Asad Tajmmal Abdul-Khaliq (born August 4, 1980) is a former American football quarterback. He was the starting quarterback for the Minnesota Golden Gophers football team from 2000 to 2003. The Gophers went 10-3 during his senior year in 2003 with Abdul-Khaliq under center – the first time they won that many games in a season since a 10-1 season in 1905. He also briefly played for the Chicago Rush and the New York Dragons of the AFL.

College career 
Abdul-Khaliq was a four-year letter winner with Minnesota and was a two-year captain.
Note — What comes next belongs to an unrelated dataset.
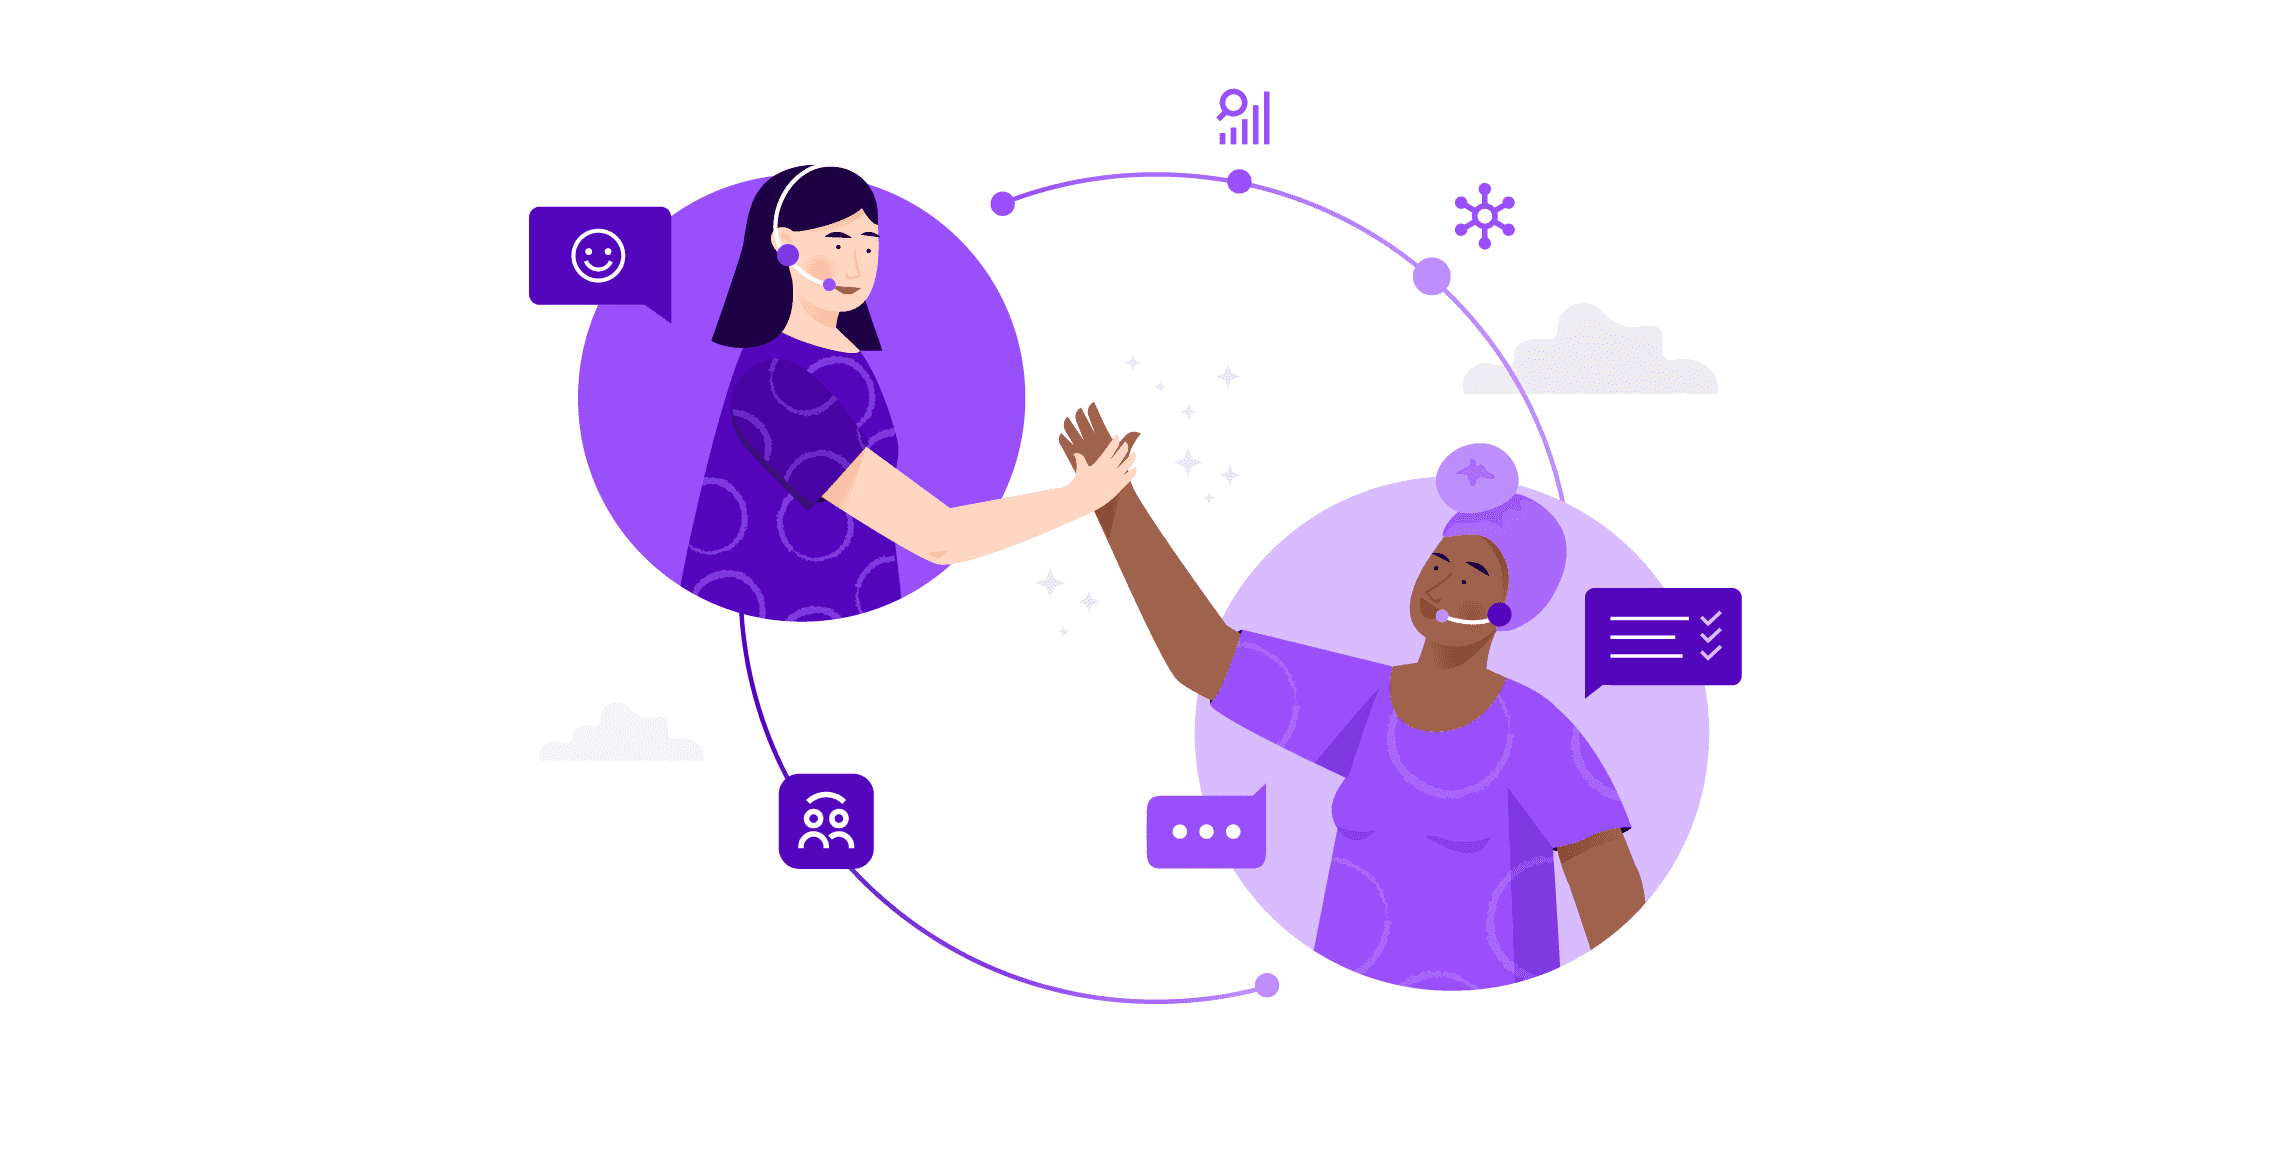 An illustration of two customer service representatives high-fiving

He started as a freshman in 2000, although he eventually split quarterback duties during his freshman and sophomore years with junior-college transfer Travis Cole, with Cole seeing the majority of playing time. In 2002, after Cole graduated, Abdul-Khaliq became the full-time starter as a junior in 2002 and helped lead the Gophers to an 8-5 record, topped off by a win over Arkansas in the Music City Bowl. During his senior season, the Gophers got off to a 6-0 start and were nationally ranked before suffering a devastating comeback defeat at the hands of the Michigan Wolverines in a nationally televised game at the Hubert H. Humphrey Metrodome. The Gophers finished off the year 10-3, including a 31-30 victory over Oregon in the Sun Bowl. For the season Abdul-Khaliq passed for 2,401 yards, throwing for 17 touchdowns and scoring four more on the ground. Over his entire Gophers career, Abdul-Khaliq completed 481-of-847 career passes for 6,660 yards and 55 touchdowns in 46 games. He added 1,158 yards and 16 touchdowns rushing. Asad set Golden Gopher career records for touchdown passes (55), passing yards (6,600), total offense (7,818 yards), completions (481) and career touchdown-to-interception ratio (2.1-1). As of 2008, he currently holds all those records except for passing yards and completions which were broken by his successor Bryan Cupito, who also tied Abdul-Khaliq’s touchdown mark of 55. His 19 touchdown passes in 2002 were one shy of Mike Hohensee’s school record for touchdown passes in a season, and he tied Hohensee’s record of 10 straight games with at least one touchdown pass. He was the first quarterback in Gopher history to pass for at least 12 touchdowns in three seasons.

Professional career 
After leaving the University of Minnesota, Abdul-Khaliq signed a three-year contract with the Chicago Rush of the Arena Football League on November 1, 2004. He was Chicago’s third-string quarterback during his rookie year in 2005 but did not see any playing time. After playing in only two games for the Rush in 2006, Asad was traded to the New York Dragons. He did not start any games for New York in 2007, however he did play a little at defensive back, as the team finished the season 5-11 and failing to make the playoffs. He later caught on with the Fort Wayne Fusion in af2.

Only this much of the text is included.